If you're interested in what has ensued since the release Linne's song, namely an exchange which began with an open letter by Paula White's son Brandon Knight to Shai. When pressed about what aspects of White's teaching were problematic, Linne produced a video with this text: "Paula White did a series called '8 Promises of the Atonement,' that at the time of my writing this, is currently featured on your ministry website. In it, she states that physical healing and financial abundance in this life are provided for in the atonement of Christ." You can read more over on the Christian Post's Jesus Musik blog. Of course, as with all of these teachers, this is but one of many examples that could've been given.

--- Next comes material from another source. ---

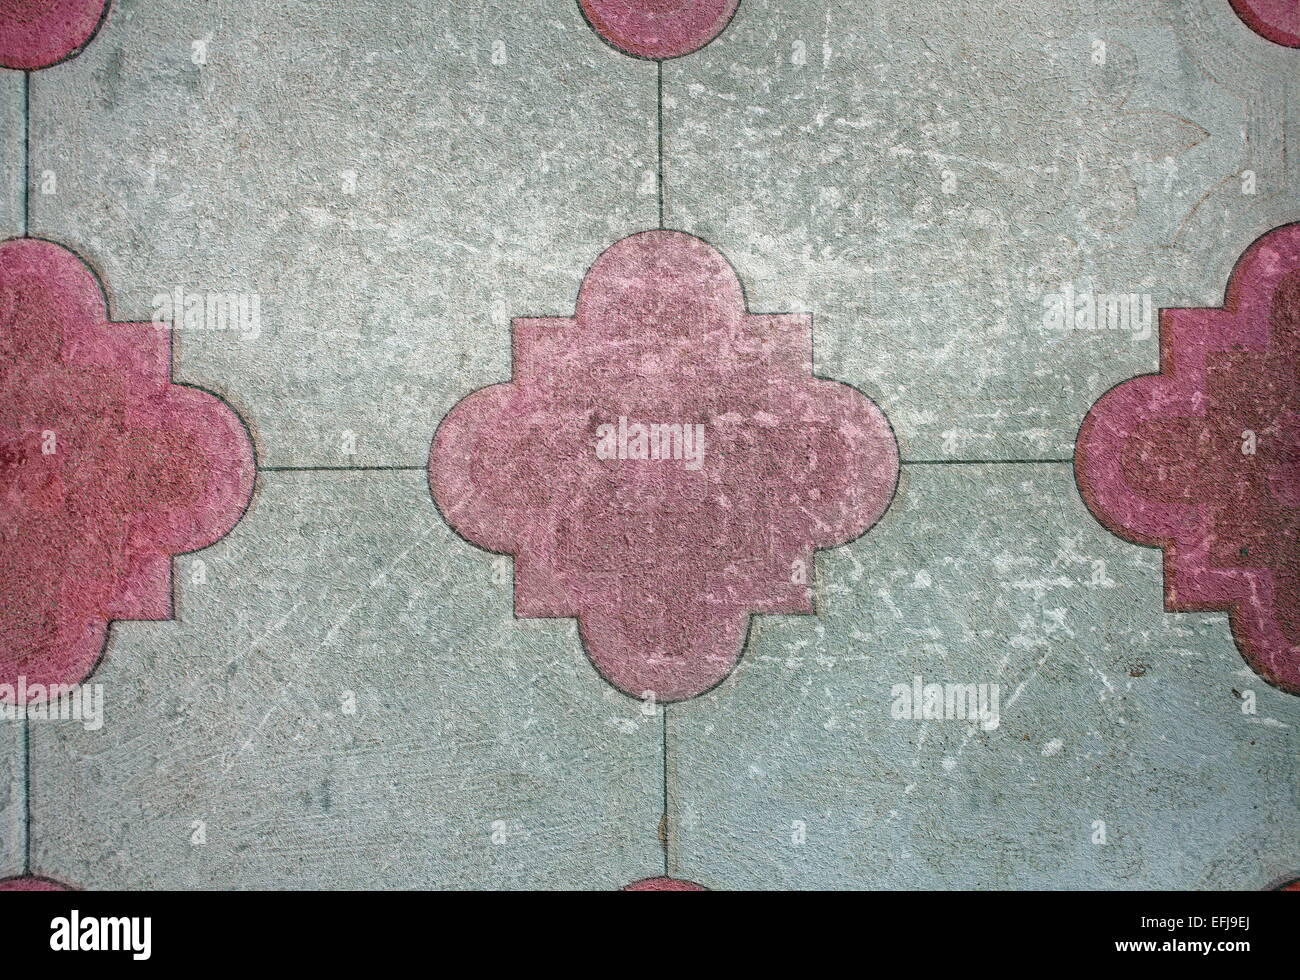 abstract  cement tiles for outdoor paving resulting in grungy surface Stock Photo

  1. While the worst of the promoters of the "Prosperity Message" (Jimmy Swaggart and Jim Bakker come to mind)have been effectively dethroned, please do not think that this idea has totally vanished from Evangelical Christianity. It hasn't. There was plenty of this thinking driving events of 2012.

    Dcn Norb in Ohio

  2. I disagree wholeheartedly, Swaggert, et al. were not the worst. They were certainly the most flamboyant and, at least from a marketing perspective, made a lot of stupid mistakes. The new generation, those who Shai calls out, have learned all those lessons and continue not only to fleece the flock, but to take advantage of those who can least afford it. Joel Osteen and Meyer make Swaggert and Bakker look like the amateurs they were. Benny Hinn, who dates back to those days, is still going strong.

  3. Scott: I think we agree more than we disagree. I just happen to be more familiar with those discredited earlier promoters than I am with Osteen and Meyer.

    I mentioned 2012 deliberately. Much of the political background noise of that time not only pushed the idea of the "Prosperity Message" but also ignored traditional Roman Catholic teaching that "Greed is one of the Seven Deadly Sins."